_WHAT TO PRODUCE_. Up through the line that contains "Marie-Mai MARIE MAI", retype the entries exactly, beginning at the very first line.

_PROVIDED RECORDS_.
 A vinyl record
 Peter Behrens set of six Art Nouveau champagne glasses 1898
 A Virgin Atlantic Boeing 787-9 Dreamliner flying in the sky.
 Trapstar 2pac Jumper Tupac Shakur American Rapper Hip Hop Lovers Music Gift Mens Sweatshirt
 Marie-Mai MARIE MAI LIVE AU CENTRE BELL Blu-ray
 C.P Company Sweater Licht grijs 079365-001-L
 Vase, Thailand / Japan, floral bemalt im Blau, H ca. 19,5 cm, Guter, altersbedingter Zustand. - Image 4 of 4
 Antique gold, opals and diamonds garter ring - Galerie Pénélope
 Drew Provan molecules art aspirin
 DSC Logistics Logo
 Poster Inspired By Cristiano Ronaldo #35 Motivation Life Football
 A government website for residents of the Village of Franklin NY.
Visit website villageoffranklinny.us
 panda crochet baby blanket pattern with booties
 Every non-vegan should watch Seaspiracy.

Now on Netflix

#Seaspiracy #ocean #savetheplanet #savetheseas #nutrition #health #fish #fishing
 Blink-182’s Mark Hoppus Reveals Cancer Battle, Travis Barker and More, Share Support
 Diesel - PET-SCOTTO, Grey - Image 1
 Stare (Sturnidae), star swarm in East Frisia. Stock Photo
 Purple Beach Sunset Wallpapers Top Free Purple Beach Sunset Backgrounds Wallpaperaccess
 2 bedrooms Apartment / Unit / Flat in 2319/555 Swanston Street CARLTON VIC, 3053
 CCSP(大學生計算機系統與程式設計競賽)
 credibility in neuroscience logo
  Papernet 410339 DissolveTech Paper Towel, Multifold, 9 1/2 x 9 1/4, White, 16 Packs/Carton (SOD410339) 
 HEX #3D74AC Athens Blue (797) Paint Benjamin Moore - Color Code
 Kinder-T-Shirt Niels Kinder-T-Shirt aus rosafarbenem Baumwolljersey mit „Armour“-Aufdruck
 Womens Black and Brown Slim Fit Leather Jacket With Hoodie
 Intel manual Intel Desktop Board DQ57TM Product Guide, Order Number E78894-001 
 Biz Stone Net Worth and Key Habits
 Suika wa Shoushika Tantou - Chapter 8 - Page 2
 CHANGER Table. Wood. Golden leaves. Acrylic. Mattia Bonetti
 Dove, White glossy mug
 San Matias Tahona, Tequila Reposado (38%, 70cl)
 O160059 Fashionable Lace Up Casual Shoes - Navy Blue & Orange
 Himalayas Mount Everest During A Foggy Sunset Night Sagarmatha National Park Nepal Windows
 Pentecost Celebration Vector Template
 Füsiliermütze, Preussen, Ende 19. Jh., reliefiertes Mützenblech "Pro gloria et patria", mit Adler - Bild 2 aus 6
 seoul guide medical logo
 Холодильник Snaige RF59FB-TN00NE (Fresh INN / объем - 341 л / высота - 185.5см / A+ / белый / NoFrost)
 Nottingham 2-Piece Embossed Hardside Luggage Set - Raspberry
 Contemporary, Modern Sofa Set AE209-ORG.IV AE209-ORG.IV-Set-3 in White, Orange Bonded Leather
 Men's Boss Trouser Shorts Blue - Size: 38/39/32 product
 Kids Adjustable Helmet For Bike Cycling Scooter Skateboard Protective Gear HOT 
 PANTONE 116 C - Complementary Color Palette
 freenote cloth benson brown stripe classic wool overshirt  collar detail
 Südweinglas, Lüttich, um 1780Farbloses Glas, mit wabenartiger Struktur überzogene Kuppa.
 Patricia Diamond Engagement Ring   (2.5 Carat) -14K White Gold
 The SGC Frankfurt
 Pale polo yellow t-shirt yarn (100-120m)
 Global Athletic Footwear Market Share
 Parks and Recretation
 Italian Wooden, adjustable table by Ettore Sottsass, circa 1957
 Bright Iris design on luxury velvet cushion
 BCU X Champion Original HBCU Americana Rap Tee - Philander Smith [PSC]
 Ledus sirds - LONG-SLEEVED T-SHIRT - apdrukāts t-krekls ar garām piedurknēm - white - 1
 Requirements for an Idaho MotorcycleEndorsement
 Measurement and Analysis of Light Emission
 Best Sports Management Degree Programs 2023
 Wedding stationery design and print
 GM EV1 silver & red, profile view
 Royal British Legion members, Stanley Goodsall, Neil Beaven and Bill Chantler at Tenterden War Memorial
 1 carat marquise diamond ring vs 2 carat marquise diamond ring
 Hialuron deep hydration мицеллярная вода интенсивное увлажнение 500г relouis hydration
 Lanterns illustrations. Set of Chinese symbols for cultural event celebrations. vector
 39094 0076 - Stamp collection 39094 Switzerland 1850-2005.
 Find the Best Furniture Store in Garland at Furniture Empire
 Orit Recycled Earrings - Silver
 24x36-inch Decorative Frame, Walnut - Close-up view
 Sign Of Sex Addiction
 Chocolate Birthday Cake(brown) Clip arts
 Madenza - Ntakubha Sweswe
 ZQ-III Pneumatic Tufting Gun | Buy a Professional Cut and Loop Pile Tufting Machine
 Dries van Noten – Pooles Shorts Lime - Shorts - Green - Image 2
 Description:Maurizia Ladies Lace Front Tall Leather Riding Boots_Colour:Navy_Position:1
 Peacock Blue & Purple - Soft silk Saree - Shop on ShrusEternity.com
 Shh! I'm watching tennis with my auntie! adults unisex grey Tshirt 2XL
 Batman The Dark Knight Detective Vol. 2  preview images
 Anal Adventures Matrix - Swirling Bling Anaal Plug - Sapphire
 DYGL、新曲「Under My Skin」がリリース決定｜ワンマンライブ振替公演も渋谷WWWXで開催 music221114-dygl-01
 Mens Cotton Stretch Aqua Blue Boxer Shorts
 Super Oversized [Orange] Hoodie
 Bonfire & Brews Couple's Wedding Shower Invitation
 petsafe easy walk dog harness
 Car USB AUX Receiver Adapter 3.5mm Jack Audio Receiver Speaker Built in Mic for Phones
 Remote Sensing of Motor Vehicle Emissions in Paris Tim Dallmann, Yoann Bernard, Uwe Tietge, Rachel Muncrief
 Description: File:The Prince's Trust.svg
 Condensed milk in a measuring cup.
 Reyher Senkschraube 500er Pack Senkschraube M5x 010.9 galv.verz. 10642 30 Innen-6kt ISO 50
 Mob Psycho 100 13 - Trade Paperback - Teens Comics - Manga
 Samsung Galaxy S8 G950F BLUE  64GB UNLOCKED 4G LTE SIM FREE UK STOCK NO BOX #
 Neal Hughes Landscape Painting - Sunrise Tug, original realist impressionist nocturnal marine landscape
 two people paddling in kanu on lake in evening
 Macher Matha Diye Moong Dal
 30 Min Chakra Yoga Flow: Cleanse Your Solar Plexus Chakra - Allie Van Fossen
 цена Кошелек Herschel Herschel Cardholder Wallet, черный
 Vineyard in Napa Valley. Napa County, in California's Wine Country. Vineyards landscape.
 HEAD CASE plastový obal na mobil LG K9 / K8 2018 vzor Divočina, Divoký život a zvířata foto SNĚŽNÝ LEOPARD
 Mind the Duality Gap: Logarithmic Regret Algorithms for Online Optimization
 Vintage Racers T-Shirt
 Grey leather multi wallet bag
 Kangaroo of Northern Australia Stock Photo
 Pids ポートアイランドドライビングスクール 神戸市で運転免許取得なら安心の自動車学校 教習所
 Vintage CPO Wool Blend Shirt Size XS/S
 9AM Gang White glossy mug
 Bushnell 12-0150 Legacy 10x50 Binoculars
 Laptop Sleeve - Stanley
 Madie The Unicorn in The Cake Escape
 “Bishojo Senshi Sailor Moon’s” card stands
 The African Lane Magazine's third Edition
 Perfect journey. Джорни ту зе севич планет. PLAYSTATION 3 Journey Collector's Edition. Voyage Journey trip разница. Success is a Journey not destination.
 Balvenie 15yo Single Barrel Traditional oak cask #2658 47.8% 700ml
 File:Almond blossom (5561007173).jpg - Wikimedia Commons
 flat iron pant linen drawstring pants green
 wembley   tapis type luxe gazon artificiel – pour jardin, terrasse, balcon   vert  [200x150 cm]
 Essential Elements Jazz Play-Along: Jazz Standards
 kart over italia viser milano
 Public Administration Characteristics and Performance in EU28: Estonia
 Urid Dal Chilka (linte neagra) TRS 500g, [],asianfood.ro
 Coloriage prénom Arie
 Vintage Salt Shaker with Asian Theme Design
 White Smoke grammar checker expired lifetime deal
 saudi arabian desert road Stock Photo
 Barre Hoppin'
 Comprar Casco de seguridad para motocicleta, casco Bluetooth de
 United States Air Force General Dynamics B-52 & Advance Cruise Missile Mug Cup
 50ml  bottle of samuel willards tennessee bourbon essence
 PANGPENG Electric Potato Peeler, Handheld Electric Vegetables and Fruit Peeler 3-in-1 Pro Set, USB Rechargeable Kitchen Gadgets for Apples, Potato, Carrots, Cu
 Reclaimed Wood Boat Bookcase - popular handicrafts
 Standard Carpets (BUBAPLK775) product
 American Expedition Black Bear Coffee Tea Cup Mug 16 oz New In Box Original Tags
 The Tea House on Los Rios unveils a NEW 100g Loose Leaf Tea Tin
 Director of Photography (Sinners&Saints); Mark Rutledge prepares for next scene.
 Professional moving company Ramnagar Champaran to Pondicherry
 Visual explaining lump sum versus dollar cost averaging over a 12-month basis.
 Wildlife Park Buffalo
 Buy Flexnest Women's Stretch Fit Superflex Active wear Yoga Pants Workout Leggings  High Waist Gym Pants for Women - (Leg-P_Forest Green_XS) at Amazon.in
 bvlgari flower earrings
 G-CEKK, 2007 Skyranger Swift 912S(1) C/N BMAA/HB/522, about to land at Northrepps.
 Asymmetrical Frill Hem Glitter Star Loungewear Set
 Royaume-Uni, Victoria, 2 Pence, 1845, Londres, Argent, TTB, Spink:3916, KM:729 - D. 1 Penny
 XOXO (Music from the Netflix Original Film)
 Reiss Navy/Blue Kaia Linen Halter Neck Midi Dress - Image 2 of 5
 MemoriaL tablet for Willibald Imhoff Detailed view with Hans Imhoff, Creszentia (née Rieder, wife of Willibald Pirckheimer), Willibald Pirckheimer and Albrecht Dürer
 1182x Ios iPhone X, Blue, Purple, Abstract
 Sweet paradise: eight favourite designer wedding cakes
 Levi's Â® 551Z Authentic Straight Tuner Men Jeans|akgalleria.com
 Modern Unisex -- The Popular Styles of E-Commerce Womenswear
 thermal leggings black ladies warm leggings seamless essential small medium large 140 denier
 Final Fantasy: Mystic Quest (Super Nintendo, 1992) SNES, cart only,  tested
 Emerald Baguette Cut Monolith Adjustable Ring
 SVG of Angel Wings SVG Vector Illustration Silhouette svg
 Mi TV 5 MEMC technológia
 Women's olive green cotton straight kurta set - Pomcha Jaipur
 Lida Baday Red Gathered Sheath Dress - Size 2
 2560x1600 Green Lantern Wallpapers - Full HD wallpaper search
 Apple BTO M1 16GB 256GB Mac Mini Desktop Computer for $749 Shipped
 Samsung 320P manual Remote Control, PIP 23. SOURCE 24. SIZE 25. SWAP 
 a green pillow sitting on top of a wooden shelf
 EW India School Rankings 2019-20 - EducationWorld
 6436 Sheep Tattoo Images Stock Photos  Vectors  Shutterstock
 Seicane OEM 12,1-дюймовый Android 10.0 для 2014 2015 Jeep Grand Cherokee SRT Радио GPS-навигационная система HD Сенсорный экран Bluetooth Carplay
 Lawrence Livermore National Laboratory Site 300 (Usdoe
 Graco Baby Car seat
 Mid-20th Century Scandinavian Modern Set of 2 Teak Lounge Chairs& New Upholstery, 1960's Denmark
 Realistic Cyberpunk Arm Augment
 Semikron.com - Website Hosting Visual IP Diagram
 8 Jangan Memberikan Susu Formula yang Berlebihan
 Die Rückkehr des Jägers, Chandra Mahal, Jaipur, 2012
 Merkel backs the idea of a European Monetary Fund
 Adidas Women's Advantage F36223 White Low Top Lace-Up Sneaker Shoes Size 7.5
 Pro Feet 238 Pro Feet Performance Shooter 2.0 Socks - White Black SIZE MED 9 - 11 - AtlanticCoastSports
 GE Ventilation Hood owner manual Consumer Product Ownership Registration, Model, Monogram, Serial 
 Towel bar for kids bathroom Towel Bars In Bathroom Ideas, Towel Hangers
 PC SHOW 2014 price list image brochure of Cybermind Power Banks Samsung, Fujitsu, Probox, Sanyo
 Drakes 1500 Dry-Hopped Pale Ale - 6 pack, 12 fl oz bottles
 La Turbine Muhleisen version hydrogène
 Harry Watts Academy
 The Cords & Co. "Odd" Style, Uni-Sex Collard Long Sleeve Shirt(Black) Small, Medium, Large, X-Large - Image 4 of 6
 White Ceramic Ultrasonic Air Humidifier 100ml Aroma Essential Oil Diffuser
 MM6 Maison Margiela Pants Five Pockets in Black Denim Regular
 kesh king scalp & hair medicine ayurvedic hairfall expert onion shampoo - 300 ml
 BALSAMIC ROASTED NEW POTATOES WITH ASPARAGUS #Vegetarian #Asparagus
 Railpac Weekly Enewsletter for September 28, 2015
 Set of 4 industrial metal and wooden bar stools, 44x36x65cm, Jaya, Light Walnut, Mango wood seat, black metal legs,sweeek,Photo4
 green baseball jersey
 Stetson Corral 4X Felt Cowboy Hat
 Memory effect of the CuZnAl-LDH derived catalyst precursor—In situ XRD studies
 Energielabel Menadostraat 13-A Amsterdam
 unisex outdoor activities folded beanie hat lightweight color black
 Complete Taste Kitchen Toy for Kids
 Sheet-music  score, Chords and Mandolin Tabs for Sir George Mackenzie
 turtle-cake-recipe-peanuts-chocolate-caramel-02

_SOLUTION FOR THIS TASK_.
 A vinyl record
 Peter Behrens set of six Art Nouveau champagne glasses 1898
 A Virgin Atlantic Boeing 787-9 Dreamliner flying in the sky.
 Trapstar 2pac Jumper Tupac Shakur American Rapper Hip Hop Lovers Music Gift Mens Sweatshirt
 Marie-Mai MARIE MAI LIVE AU CENTRE BELL Blu-ray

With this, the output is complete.